Para cuando desperté, tras una sudorosa siesta y como si un extraño
resorte espiritual se hubiera soltado en mi interior, recuperé la visión
de mis manos carnosas y delicadas. No supe si alegrarme o más bien
adaptarme a la resignación. Me estiré y al hacerlo sentí el crujir de
todos mis huesos humanos y experimenté también la sensación cierta de
que había crecido una enormidad en aquellos días como insecto.

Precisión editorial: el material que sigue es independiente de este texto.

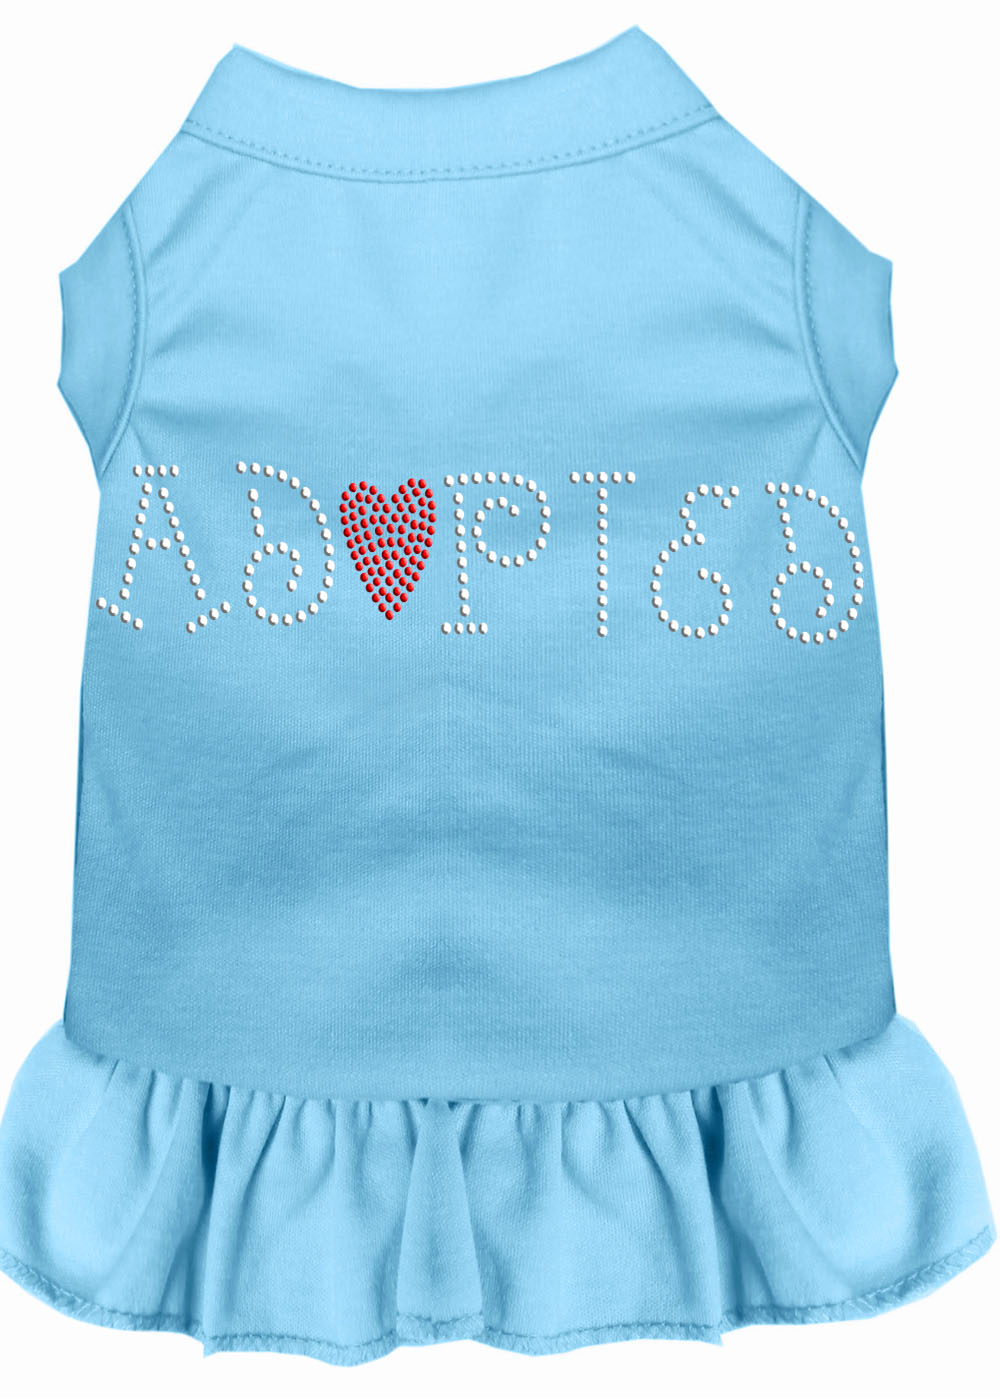 Adopted Rhinestone Dress Baby Blue Lg

Cuando entré en la cocina, devorado por el hambre de mis entrañas, en
busca de viandas y bebidas, mi madre se echó a llorar con toda la fuerza
de una tormenta. Me dijo que era ciertamente malvado, que lo que yo le
hacía no se le hacía a una madre. Así se estuvo un buen rato, hasta que
se cansó y volvió a su antigua actitud de rechazo y enojo, sólo que
ahora acompañada de cierto aturdimiento. Se acercó a la mesa del
teléfono, pude ver sus dudas expresadas en los complejos gestos de su
cara. Muy pronto comenzó el nuevo ciclo de llamadas diseminantes: una
nueva versión estaba en marcha.
–Si ven a Héctor cambiado, es sólo algo pasajero, continúa igual que
siempre.
Así fue que me convertí para siempre en un cucaracho, continué siéndolo
para mi familia, para los allegados por parte de mis padres, para mi ex
novia que ahora no se atrevía a decirle a su actual novio que me vendría
a ver porque decían que había vuelto a ser el de siempre. El paso que
había dado la había dejado definitivamente en una nueva acera y según su
modo de ser no podía volver atrás. Entendí de pronto que a muchas
personas, por no decir casi todas ellas, una vez que se definen de una
manera, les cuesta desdecirse y explorar otras vías, prefieren seguir en
el error antes que arriesgarse a cambiar. Entendí que mis padres no
tenían remedio más allá de la muerte, que yo no volvería a ser nunca el
que era y que eso me llenaba de entusiasmo y alegría. Vi a mis amigos
decepcionados durante dos días porque se les había acabado el juguete,
pero al final recuperaron la fuerza y la curiosidad que los
caracterizaba y ya estaban inventando nuevas jugadas para divertirnos
juntos. Un día conocí a una chica que me dijo que desde hacía tiempo me
quería conocer, que sabía que yo era el chico que durante unos cuantos
días había sido una cucaracha y que sólo con saber eso ya le bastaba
para querer conocerme y enamorarse de mí. Yo le pregunté si me seguiría
en mis locuras, si fuera necesario y ella me respondió que siempre
subiría la apuesta, entonces no necesité ver sus brillantes ojos, supe
sin saber cómo, igual que algunos personajes literarios y la mayoría de
la gente que puebla la existencia, que estaba rendido a sus pies, que
quería unas alas nuevas y volar con ella, que lamería sus pies y
mordería su espalda, que juntos brincaríamos por la noche en nuestra
aburrida e insípida ciudad. Supe que siempre había encontrado sentido a
todo lo pasado y ahora se lo encontraba más aún si cabe y me puse a
cantar. Canté una canción hermosa y triste y violenta, canté una canción
que me arrastrara en la noche, una canción hermosa y triste y violenta.